Figure 10. Automation- and miniaturization-friendly SSmRNA LR workflow comparison. Comparable gene and transcript detection between full-length manual library prep 8X miniaturization (Panel A). Table showing the mean and median sizes of reads between the manual and mosquito automation methods (Panel B).
Conclusions
This tech note demonstrated the SMART-Seq mRNA LR kit’s ability to:
Enable full-length transcriptome analysis from low-input samples using LR sequencing (Figure 2)
Generate LR sequencing libraries with broad size distribution and read lengths from low inputs (Figure 2)
Deliver excellent sensitivity and reproducibility and generate libraries of transcripts with uniform gene-body coverage (Figure 3)
Detect complete, full-length transcripts (up to 8 kb) with accurate strand orientation (Figures 4, 5, and 6)
Quantify transcripts accurately (Figure 7)
Demonstrate excellent performance from single-cell inputs (Figure 8)

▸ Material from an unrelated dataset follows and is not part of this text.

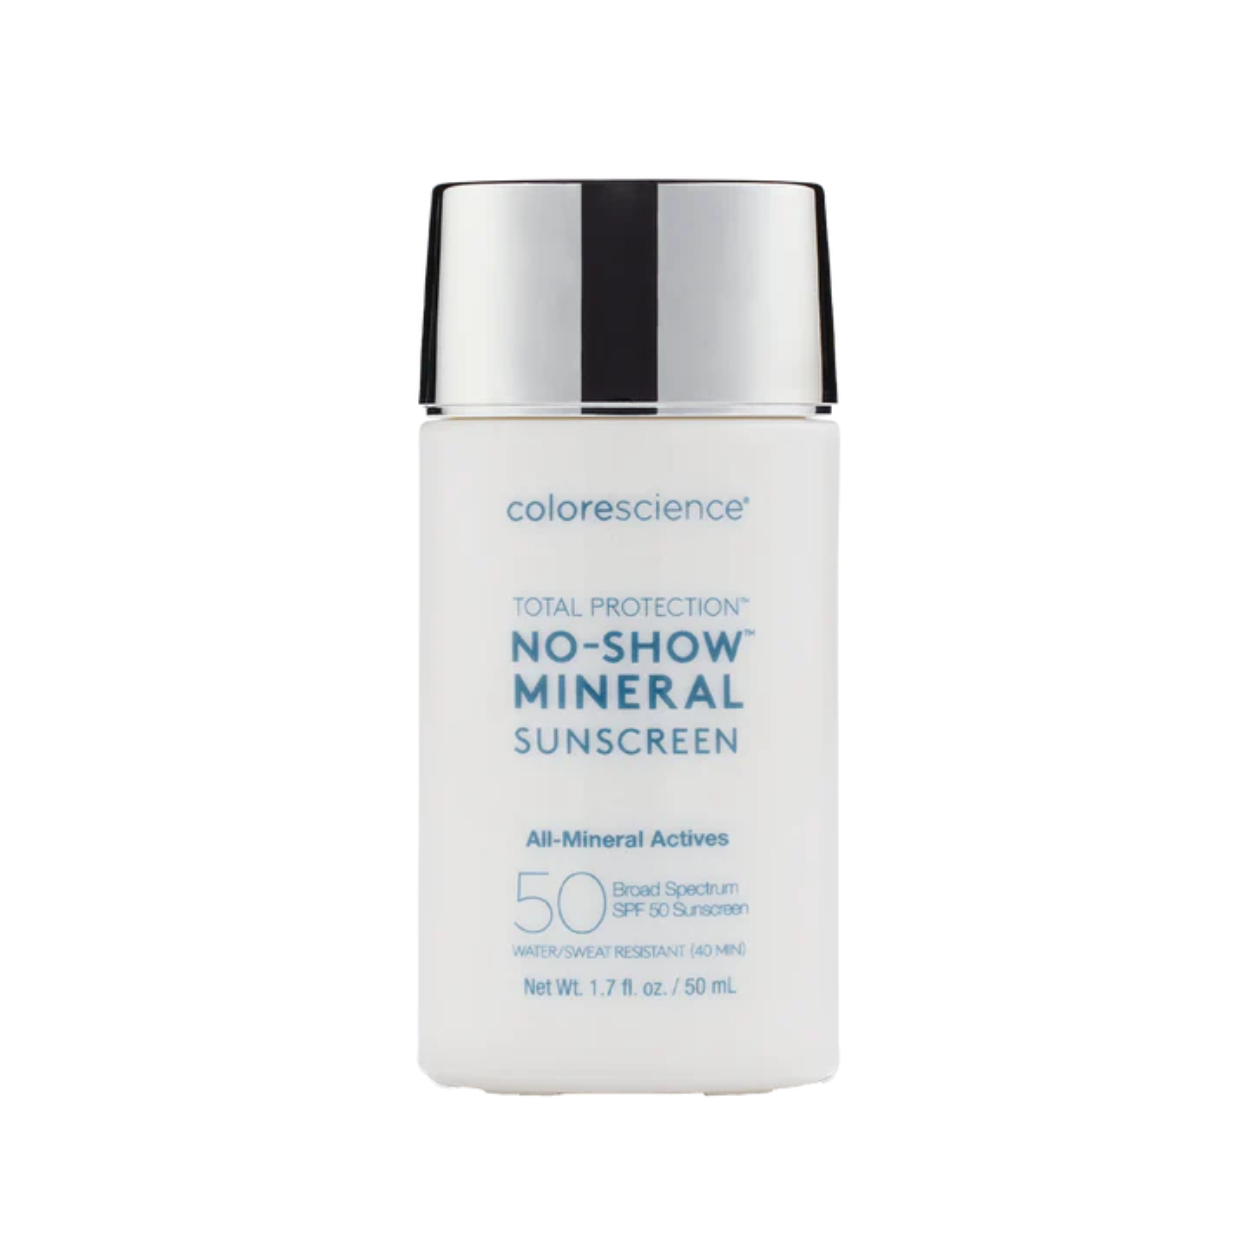 Total Protection No-Show Mineral Sunscreen SPF 50

Detect gene fusions (Figure 9)
Automate or miniaturize workflows (Figure 10)
These data showcase the reliability, reproducibility, sensitivity, and adaptability of the SSmRNA LR kits, giving users the confidence to generate full-length cDNA libraries with sample barcoding to enable long-read RNA-seq from as little as 10 pg inputs or single cells. This technology also enables the detection of isoforms up to 8 kb, determination of strand orientation, accurate measurement of transcript expression, and identification of gene fusions. It is also compatible with direct cell inputs, and the robust workflow supports automation and miniaturization for efficient, scalable, and cost-effective processing.
Methods
First-strand cDNA synthesis is primed by the SMART-Seq LR Primer and performed by a Moloney murine leukemia virus (MMLV)-derived reverse transcriptase (RT). Upon reaching the 5’ end of each mRNA molecule, the RT adds non-templated nucleotides to the first-strand cDNA facilitating hybridization with a template-switching oligonucleotide (TSO). In the template-switching step, the RT uses the remainder of the SMART-Seq LR TSO as a template for the incorporation of an additional sequence on the end of the first-strand cDNA. The first-strand cDNA is then barcoded and amplified by the first round of PCR (PCR1); after clean-up of the PCR1 product, a second round of PCR enriches barcoded fragments. Samples are pooled and end-prepped, and sequencing adapters are ligated using the Ligation Sequencing Kit V14 (Oxford Nanopore Technologies or ONT). The SMART-Seq Library Prep Kit is used to generate sequencing-ready libraries. After sequencing, samples are basecalled and demultiplexed using Guppy (ONT). Downstream analysis is performed using minimap2 (Github), SAMtools, and Salmon.